The DUPLICATE KEY in the DUPLICATE data model table is actually sorted. Rollup can specify its own sort order, but the sort order must be a prefix of the Rollup column order. If not specified, the system will check if the Rollup contains all sort columns of the Base table, and if it does not, it will report an error. For example: Base table structure: (k1 INT, k2 INT, k3 INT) DUPLICATE KEY (k1, k2) Rollup can be: (k2 INT, k1 INT) DUPLICATE KEY (k2)
There is theoretically no limit to the number of rollups a table can create, but too many rollups can affect import performance. Because when importing, data will be generated for all rollups at the same time. At the same time, Rollup will take up physical storage space. Usually the number of rollups for a table is less than 10.
Rollup creation speed is currently estimated at about 10MB / s based on the worst efficiency. To be conservative, users can set the timeout for jobs based on this rate.

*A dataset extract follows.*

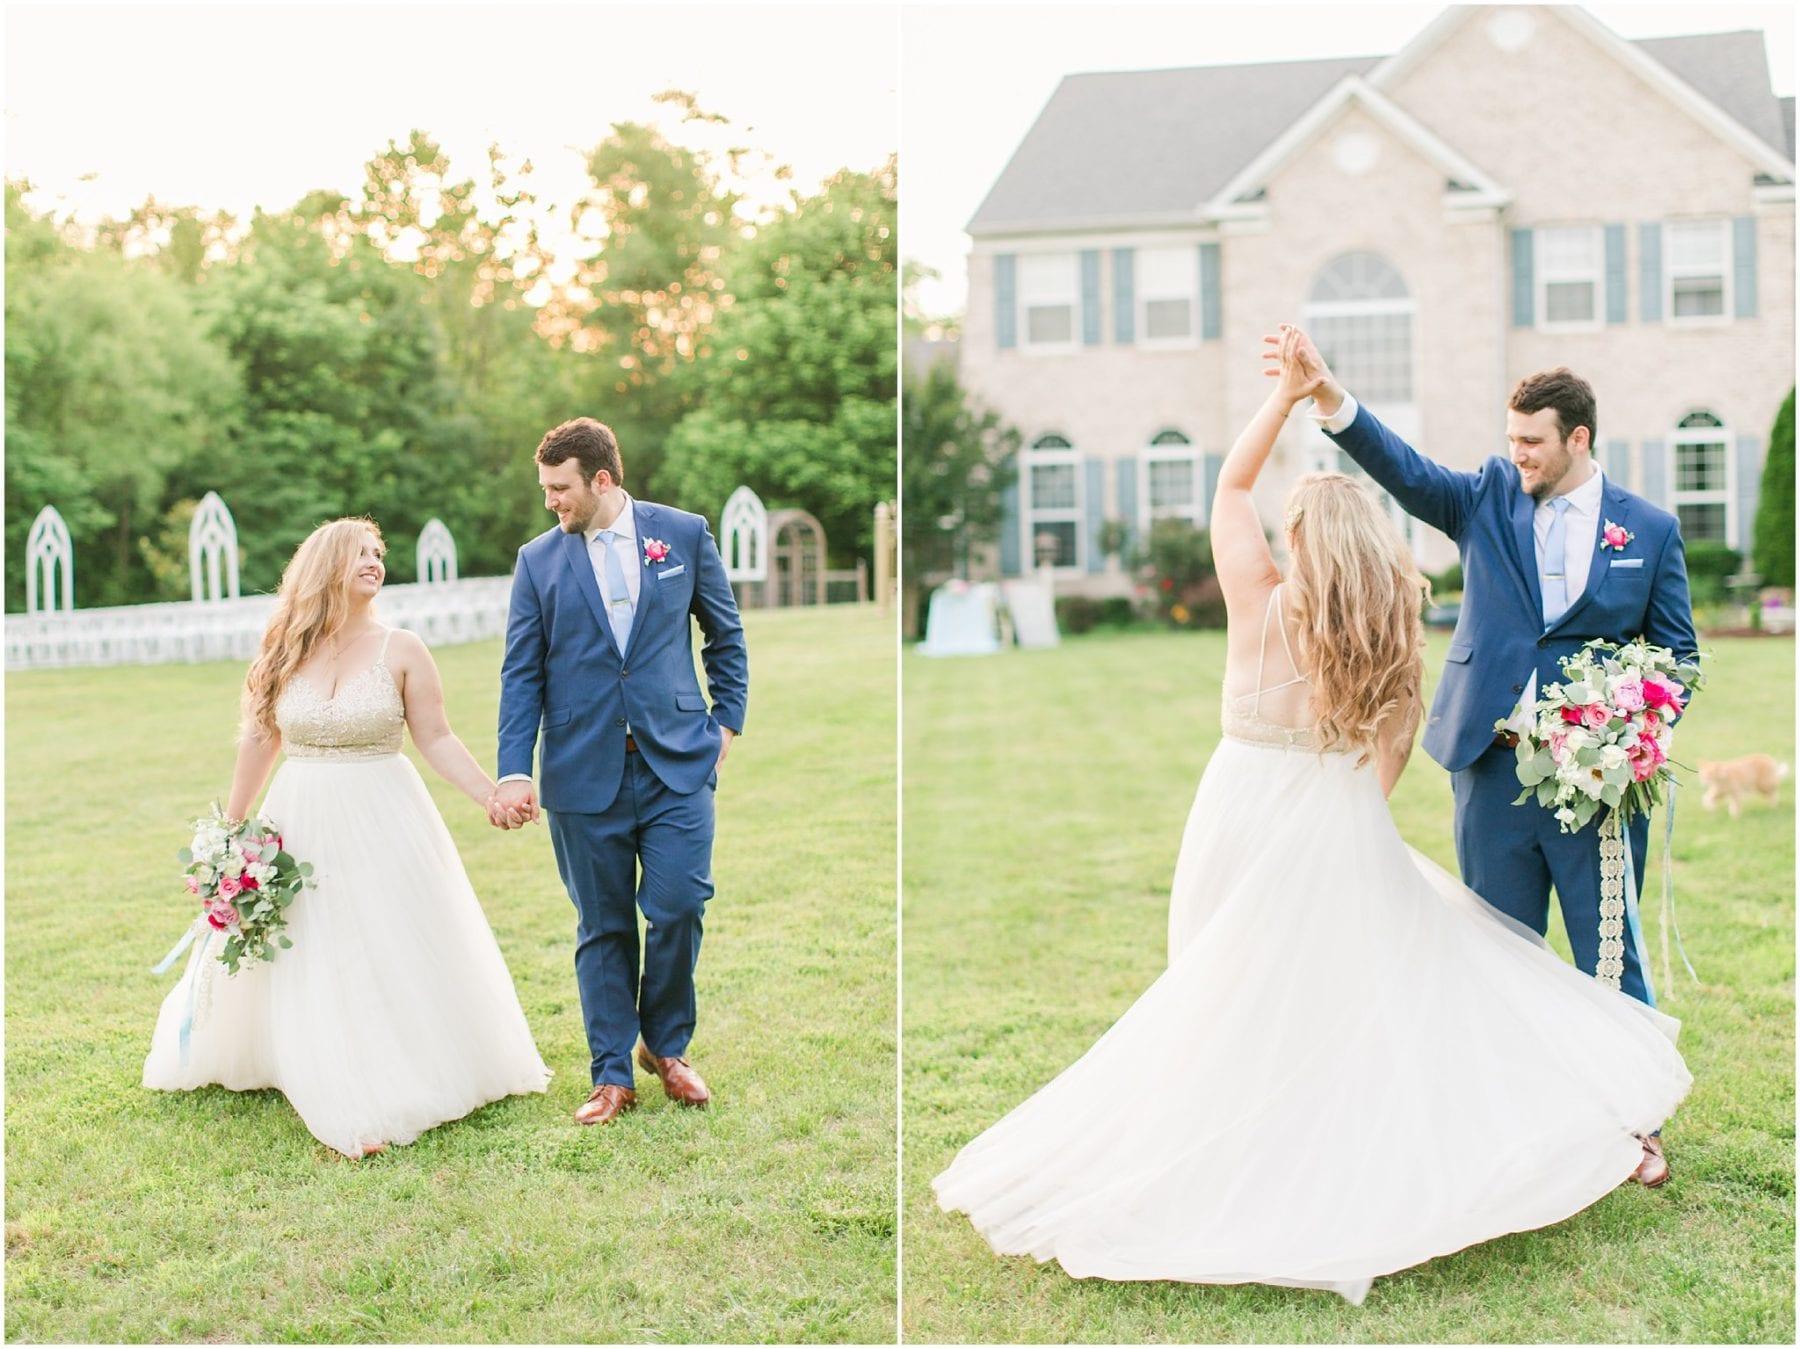 Maryland Backyard Wedding Photos Kelly & Zach Megan Kelsey Photography-274.jpg

Table xxx is not stable. ... Rollup can start only when the table data is complete and unbalanced. If some data shard copies of the table are incomplete, or if some copies are undergoing an equalization operation, the submission is rejected. Whether the data shard copy is complete can be checked with the following command: ADMIN SHOW REPLICA STATUS FROM tbl WHERE STATUS! =" OK "; If a result is returned, there is a problem with the copy. These problems are usually fixed automatically by the system. You can also use the following commands to repair this table first: ADMIN REPAIR TABLE tbl1; You can check if there are running balancing tasks with the following command: SHOW PROC" / cluster_balance / pending_tablets "; You can wait for the balancing task to complete, or temporarily disable the balancing operation with the following command:
```ADMIN SET FRONTEND CONFIG ("disable_balance" = "true");```
alter_table_timeout_second: The default timeout for the job is 86400 seconds.alter_tablet_worker_count: Number of threads used to perform historical data conversion on the BE side. The default is 3. If you want to speed up the rollup job, you can increase this parameter appropriately and restart the BE. But too many conversion threads can cause increased IO pressure and affect other operations. This thread is shared with the Schema Change job.